▶ ENTRIES PROVIDED
***

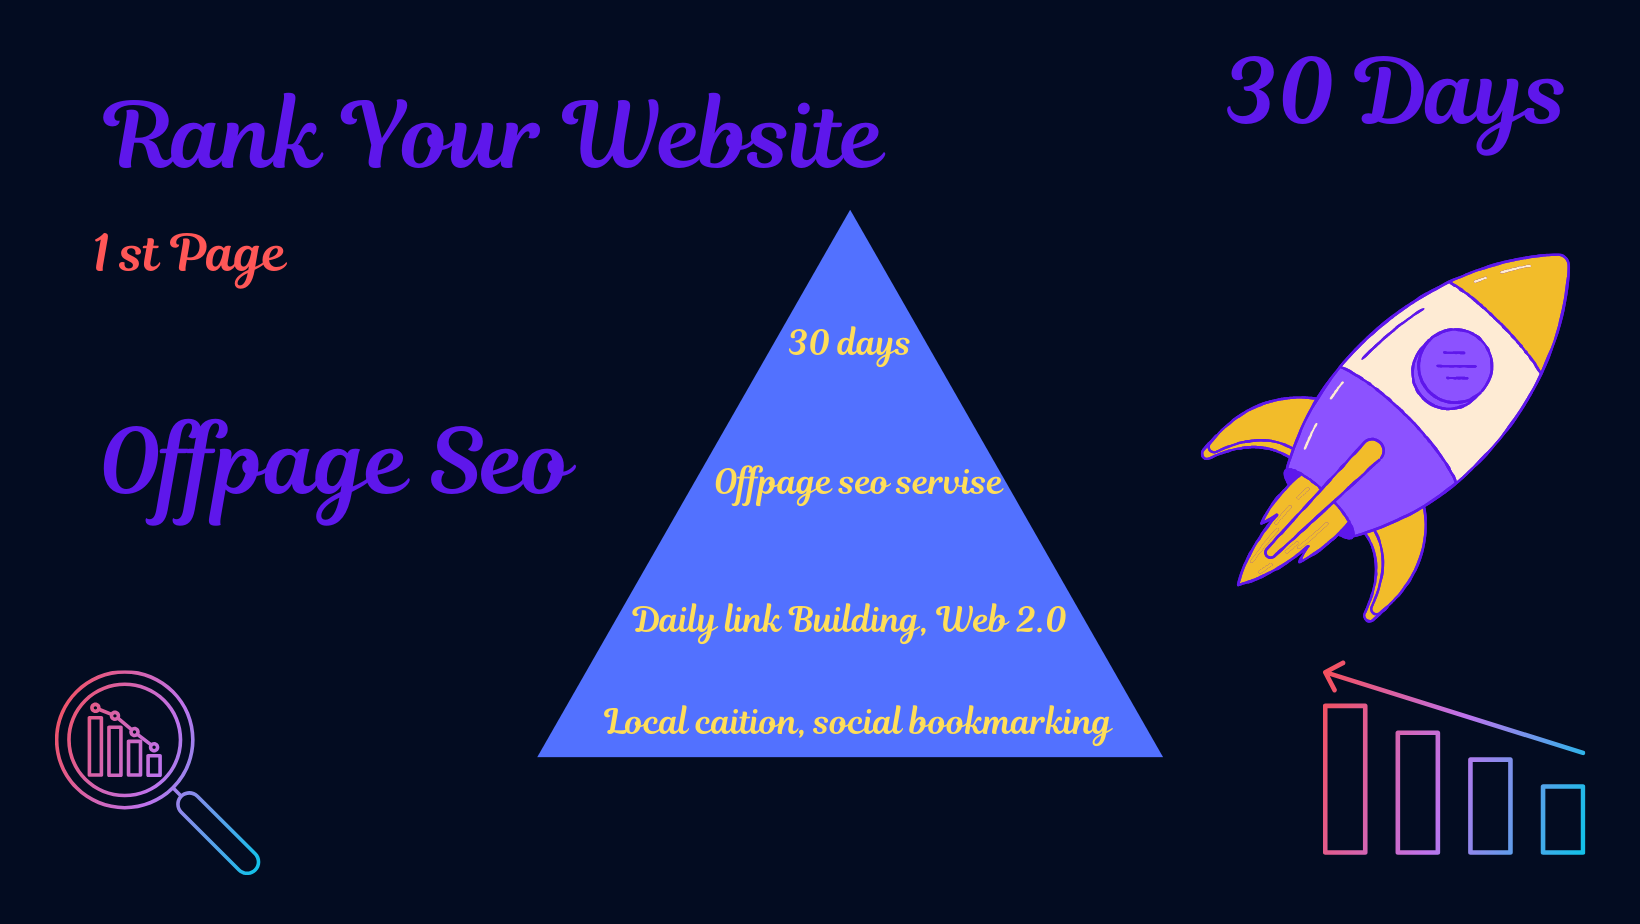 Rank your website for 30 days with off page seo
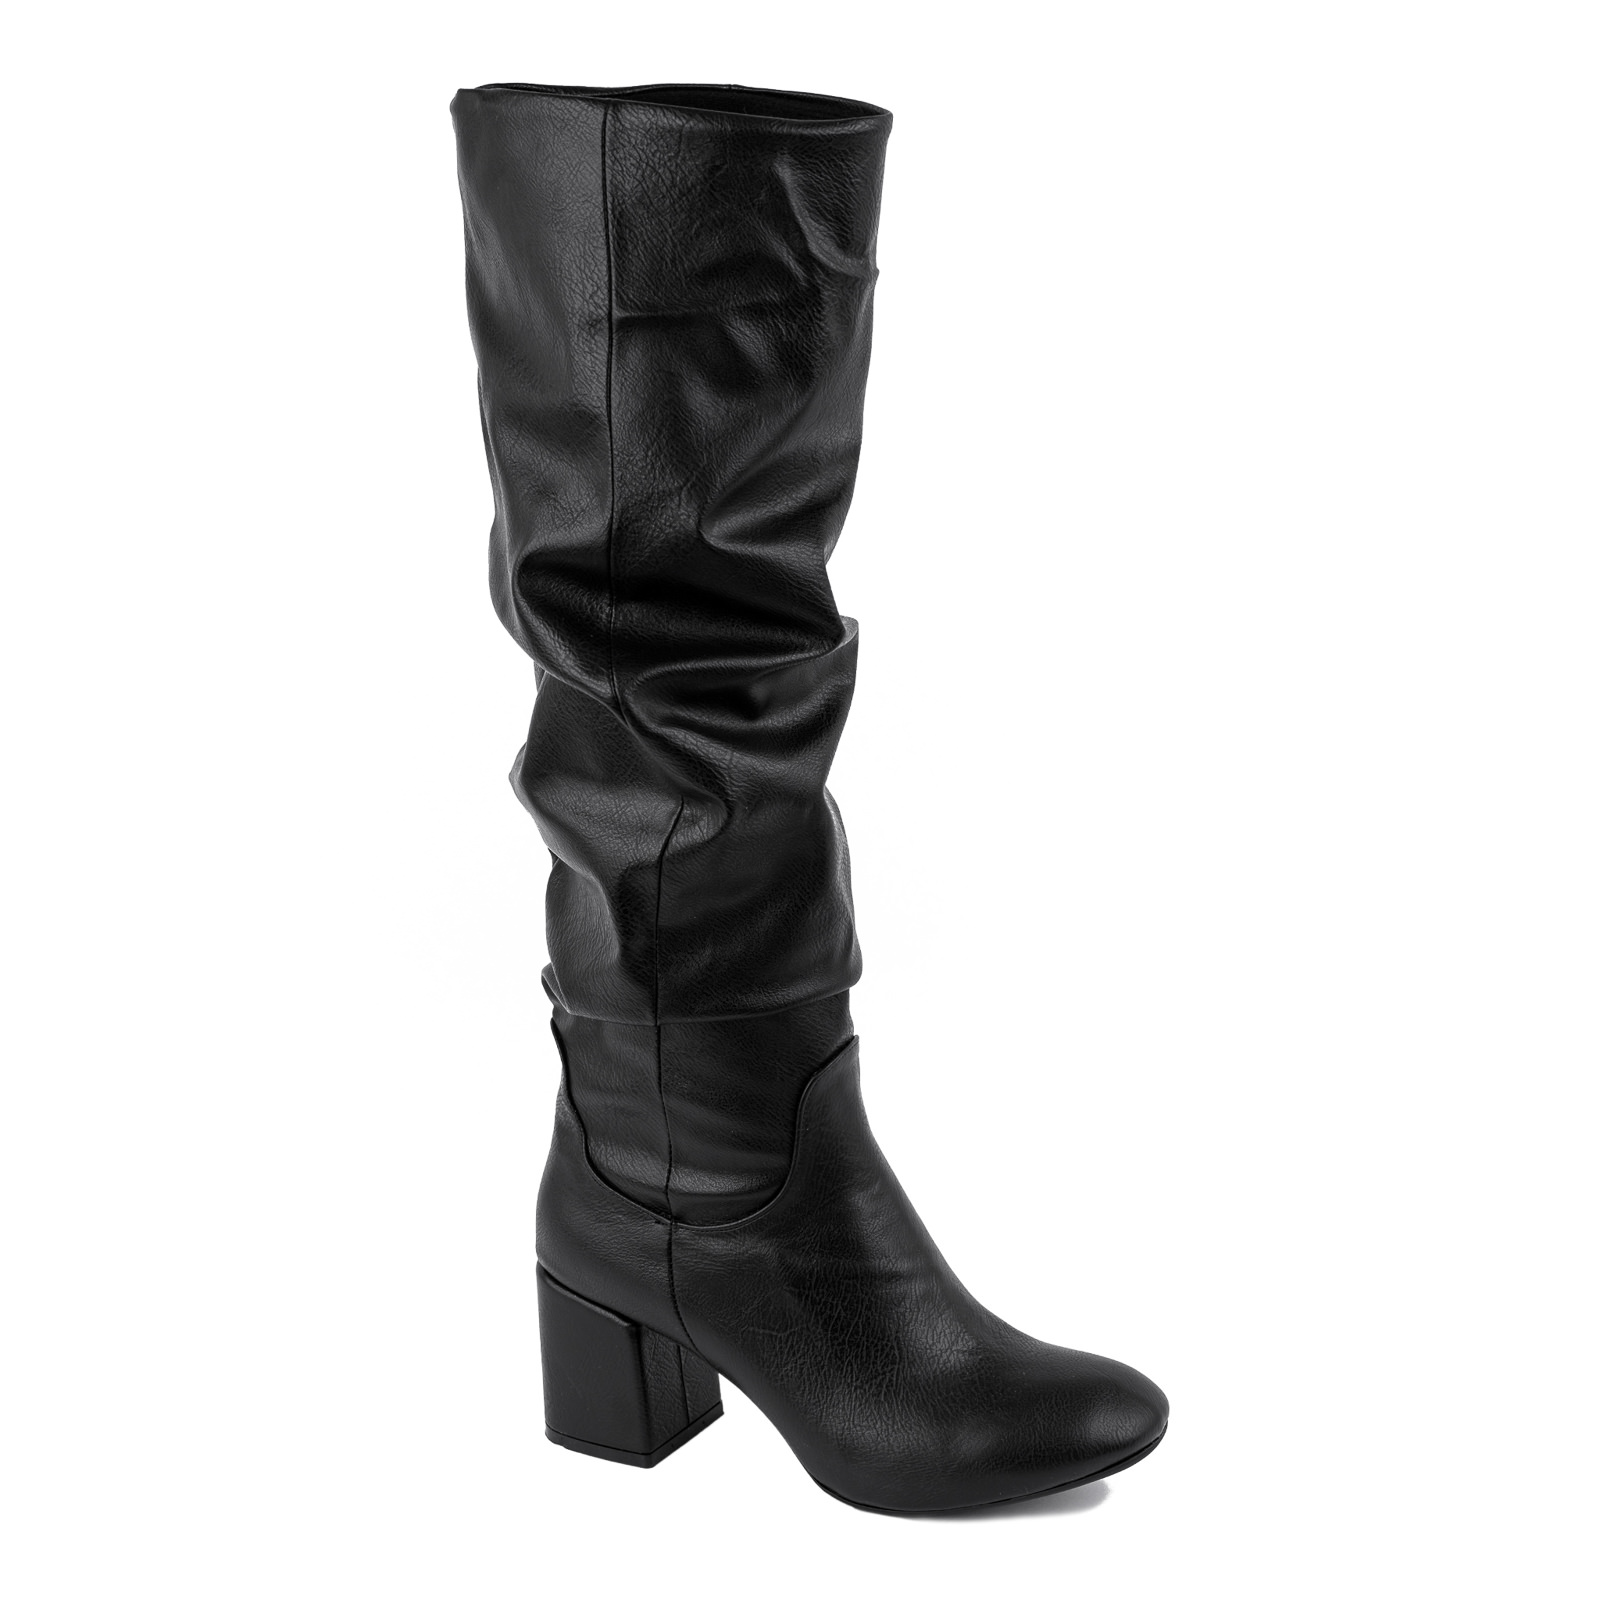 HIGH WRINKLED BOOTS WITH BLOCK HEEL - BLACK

***

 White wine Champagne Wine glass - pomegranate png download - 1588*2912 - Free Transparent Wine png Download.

***

▶ WHAT THIS TASK INVOLVES
Working from the records above, set down word for word everything from the line containing "Rank your website" down to the line containing "HIGH WRINKLED BOOTS WITH BLOCK HEEL - BLACK", ends included, minus the pictures.

▶ WRITTEN SOLUTION
 Rank your website for 30 days with off page seo
 HIGH WRINKLED BOOTS WITH BLOCK HEEL - BLACK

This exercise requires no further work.